◆ **What the task asks**
Restate each line of the listing exactly, without carrying over any pictures.

◆ **Supplied material**

▶

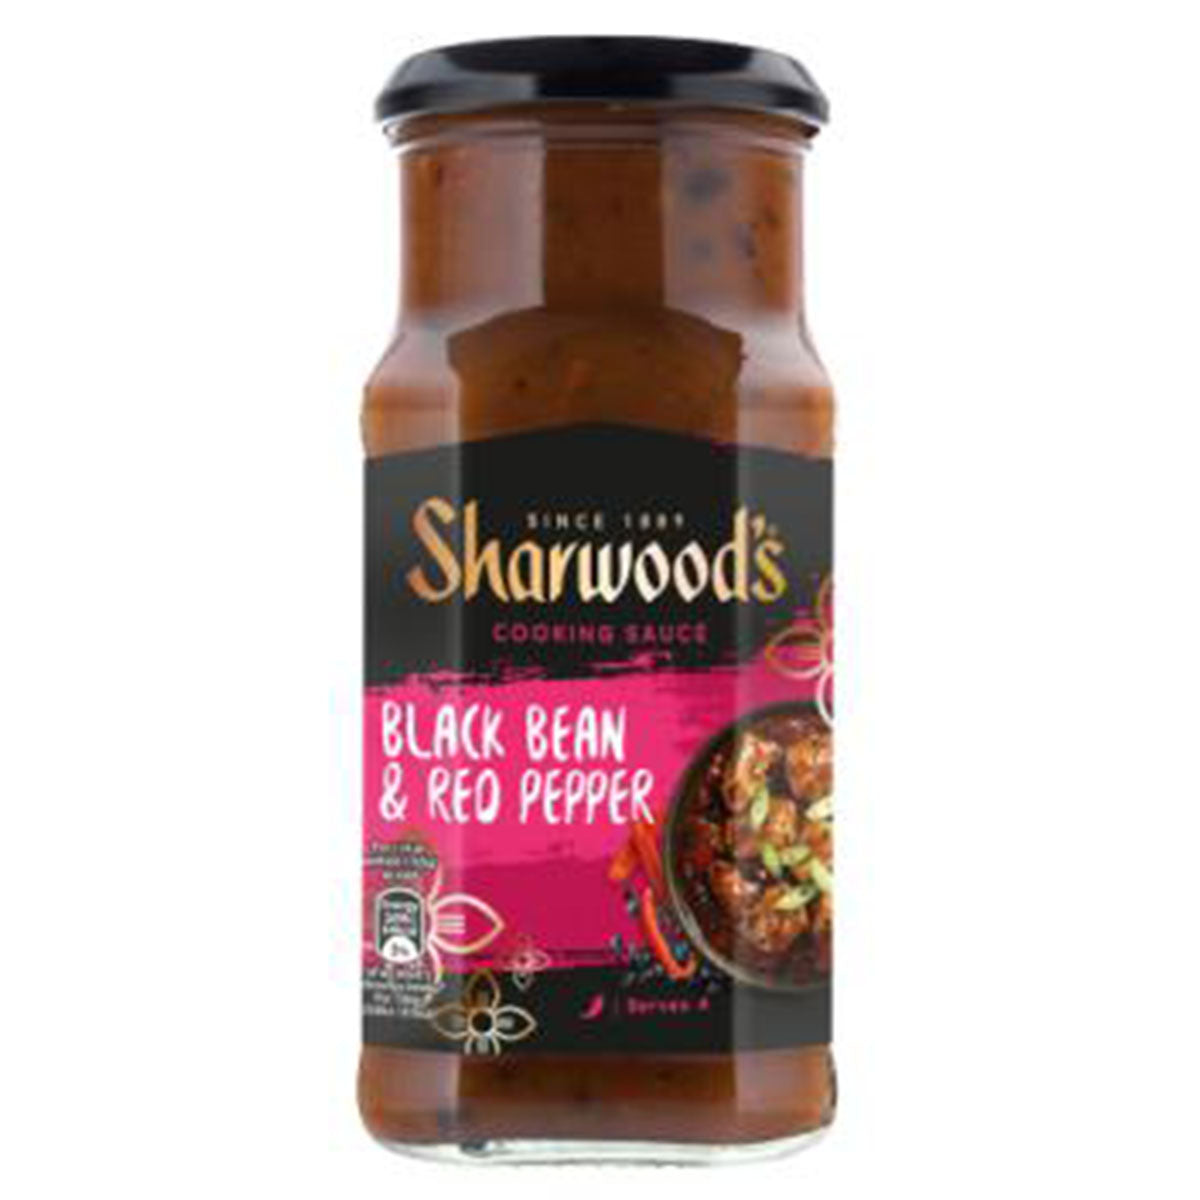 Sharwood's - Black Bean & Red Pepper Chinese Cooking Sauce - 425g - Continental Food Store
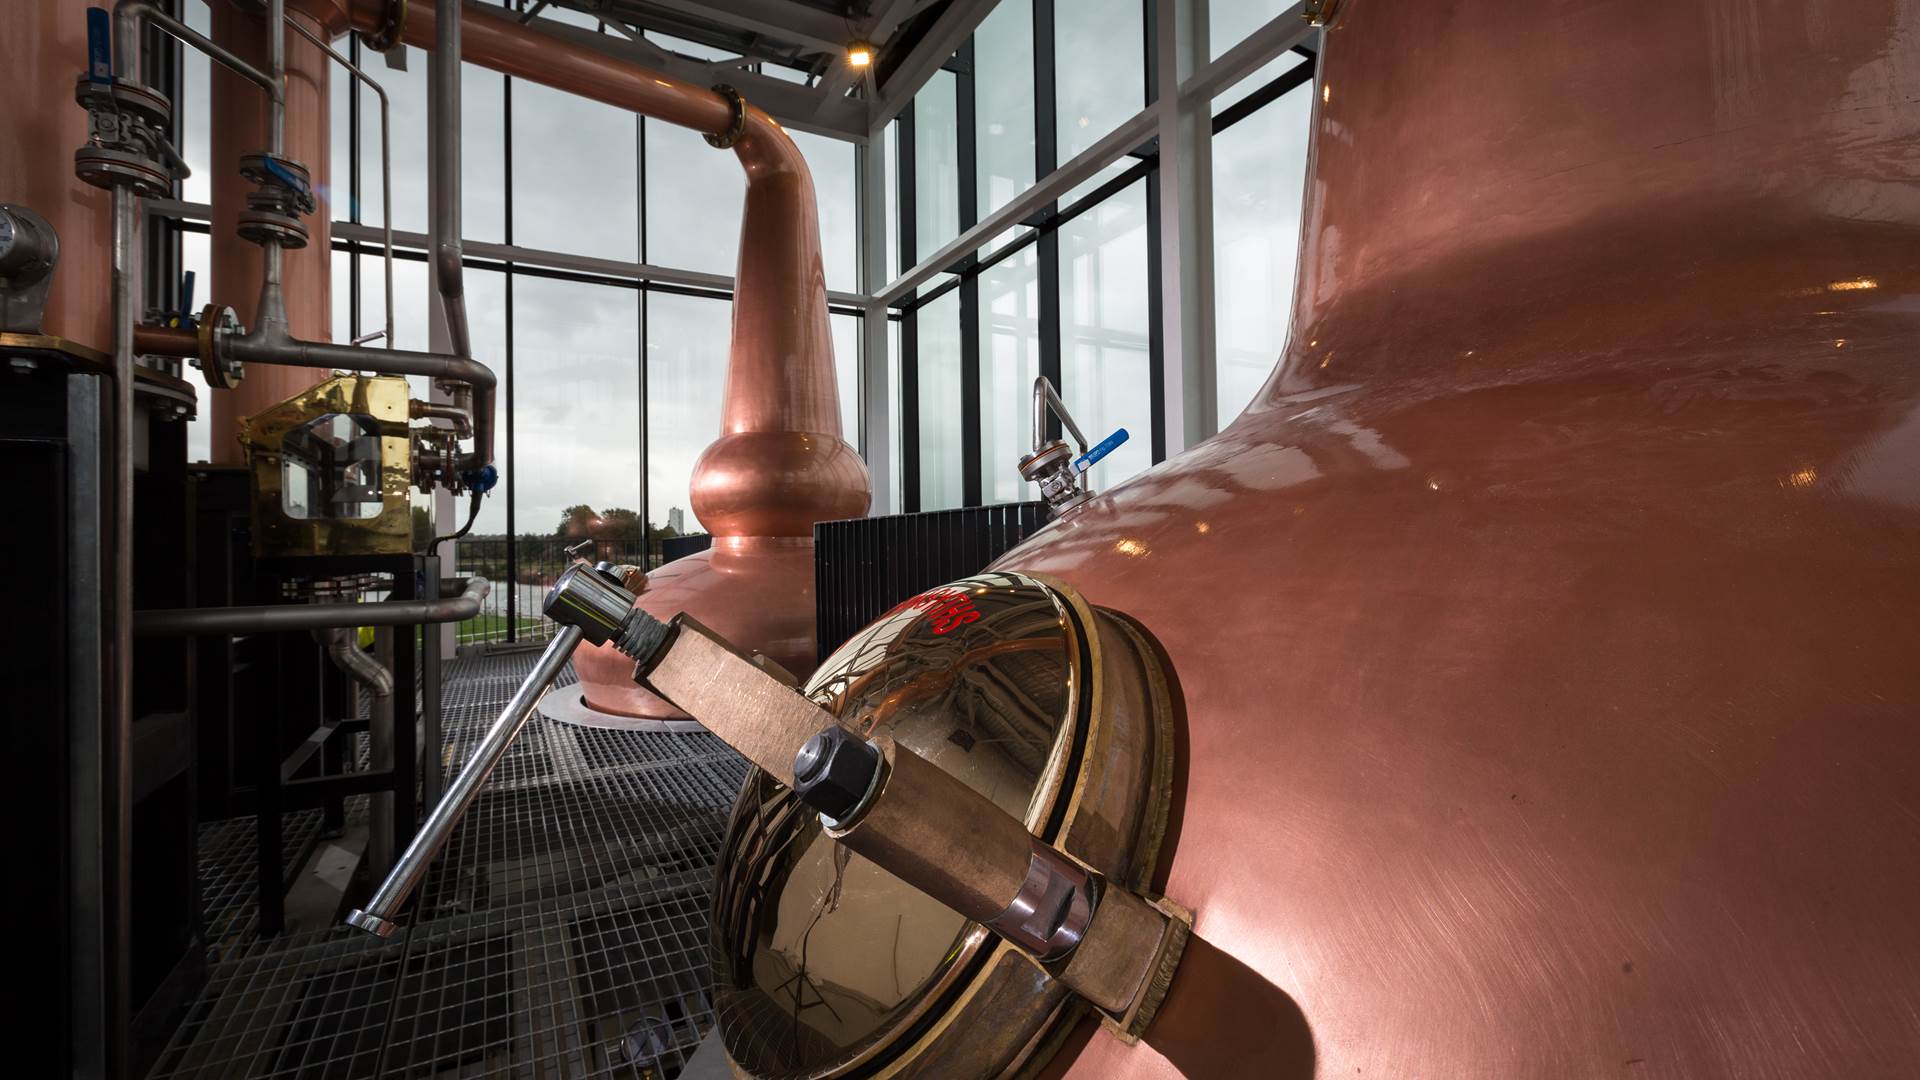 The Clydeside Distillery’s glass Still House with two tall copper stills
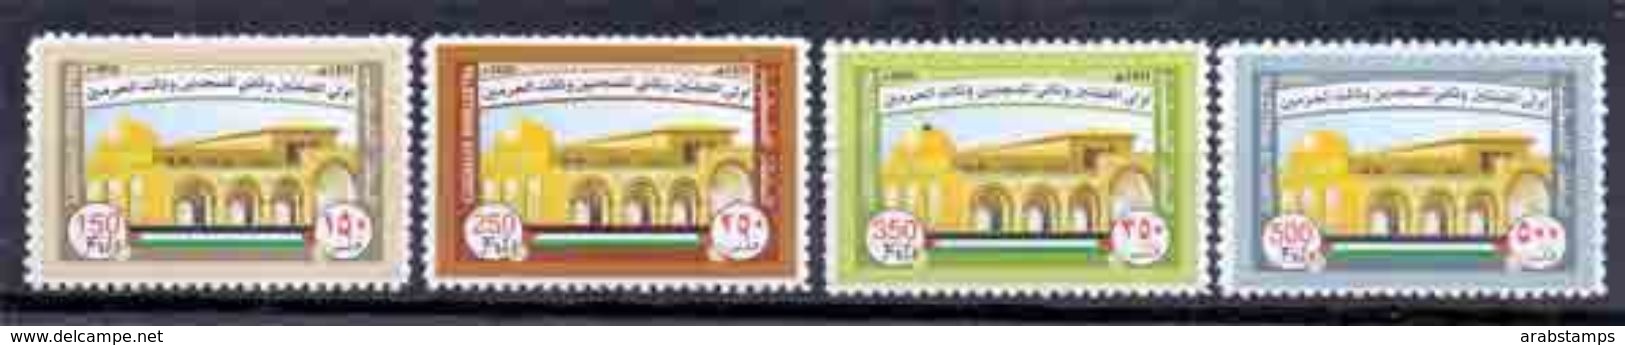 2010 Palestinian AL-Aqsa In Muslims' Hearts Complete Set 4 Values MNH - Palestine

◀

◆ **Worked solution**
 Sharwood's - Black Bean & Red Pepper Chinese Cooking Sauce - 425g - Continental Food Store
 The Clydeside Distillery’s glass Still House with two tall copper stills
 2010 Palestinian AL-Aqsa In Muslims' Hearts Complete Set 4 Values MNH - Palestine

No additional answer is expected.